A spec document or some sort of written MVP will ultimately be
required, but the overall concept was submitted to Outreachy.

DHCP-less deploy
==============

In regard to the DHCP-less deploy specification
(https://review.opendev.org/#/c/672780/) we touched upon several areas
of the specification.

We settled on Nova's network metadata format (as implemented by Glean)
as the API format for this feature. Ilya has voiced concerns that it
will tie us to Glean closer than we may want.

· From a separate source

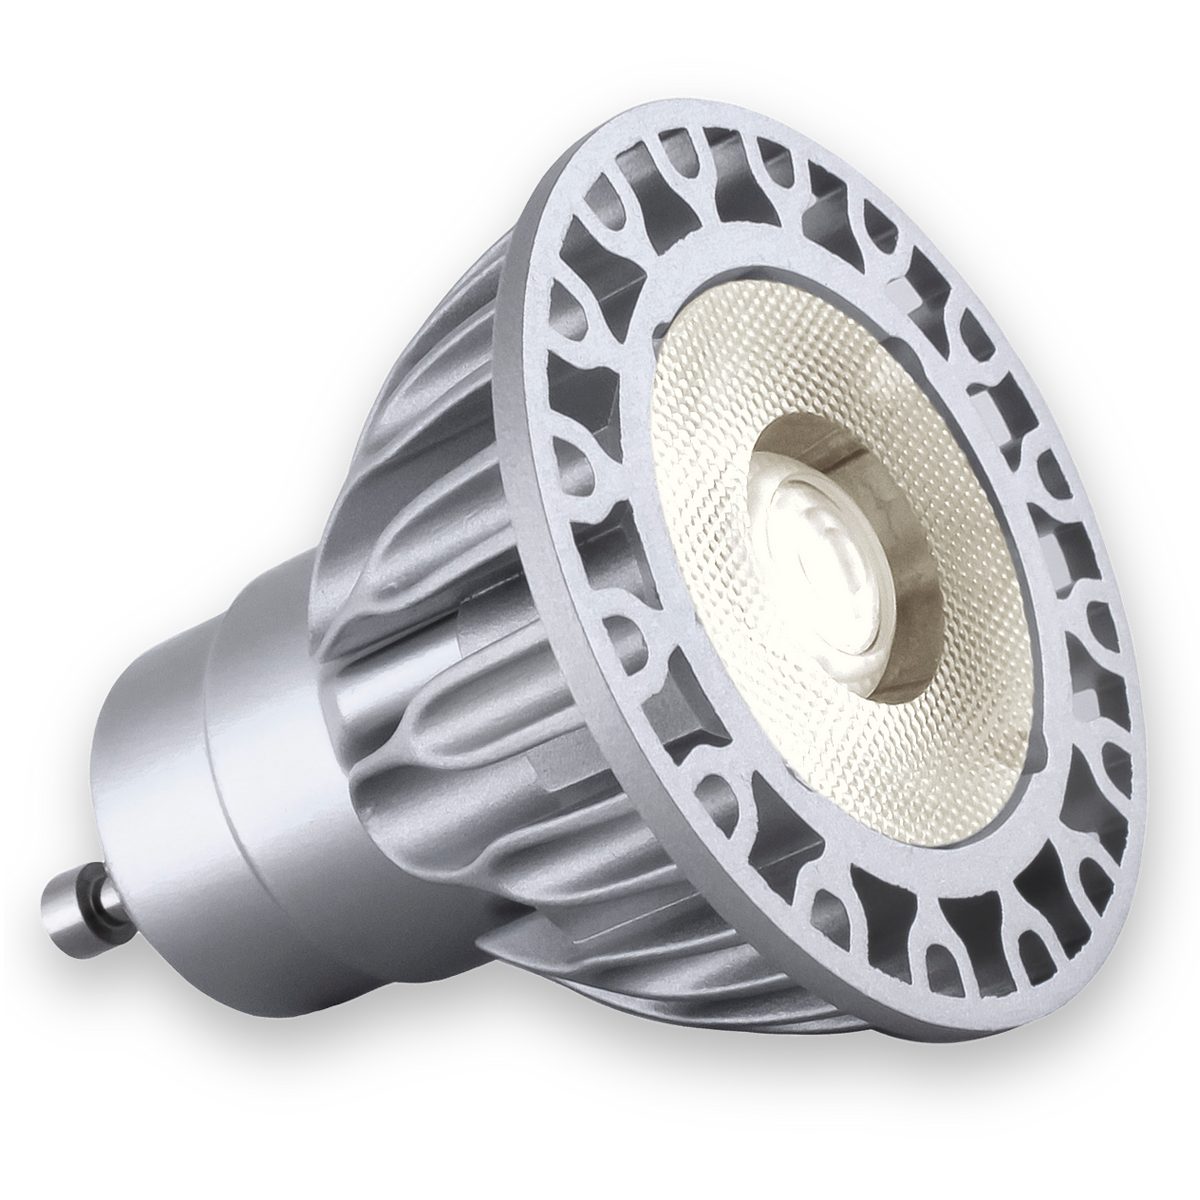 Vollspektrum 3 GU10, LED-Leuchtmittel wie Soraa - R9 LED mit GU10 dimmbar Vivid Soraa 60°, - Warmton Vollspektrum Glühlampe, MR16 95 7.5Watt, LED - - CRI

Scalability of rebuilding ISO images per node. The CERN folks
rightfully expressed concern that a parallel deployment of several
hundred nodes can put a significant load on conductors, especially in
terms of disk space.
* In case of hardware that has more than one usable virtual media
slot, we can keep the base ISO intact and use a 2nd slot (e.g. virtual
USB) to provide configuration.
* The only other option is documenting it as a limitation of our
virtual media implementation.

To get rid of the MAC address requirements for DHCP-less virtual media
deployments, we determined that it will be necessary to return to
sending node UUID and other configuration to the ramdisk via boot
parameters. This way we can avoid the requirement for MAC addresses,
although this has to be navigated carefully and with Operator
feedback.

An additional concern, beyond parallel deployment load, was “Rescue”
support. The consensus seemed to be that we put giant security
warnings in the documentation to signal the security risk of the
ramdisk being exposed to a potentially un-trusted network. Agent token
work _does_ significantly help improve operational security in these
cases, but operators must be cognizant of the risks and potentially
consider that rescue may be something they might not want to use under
normal circumstances with network edge deployments.

OOB DHCP-less deploy
===================

We briefly touched on OOB dhcp-less deployment. This is HTTPBoot
asserted through to the BMC with sufficient configuration details,
ultimately looking a lot like DHCP-less deployments. Interest does
seem to exist on this topic, but we can revisit once the base
DHCP-less deployment work is done and hopefully an ironic contributor
has access hardware where this is an explicit feature of the BMC.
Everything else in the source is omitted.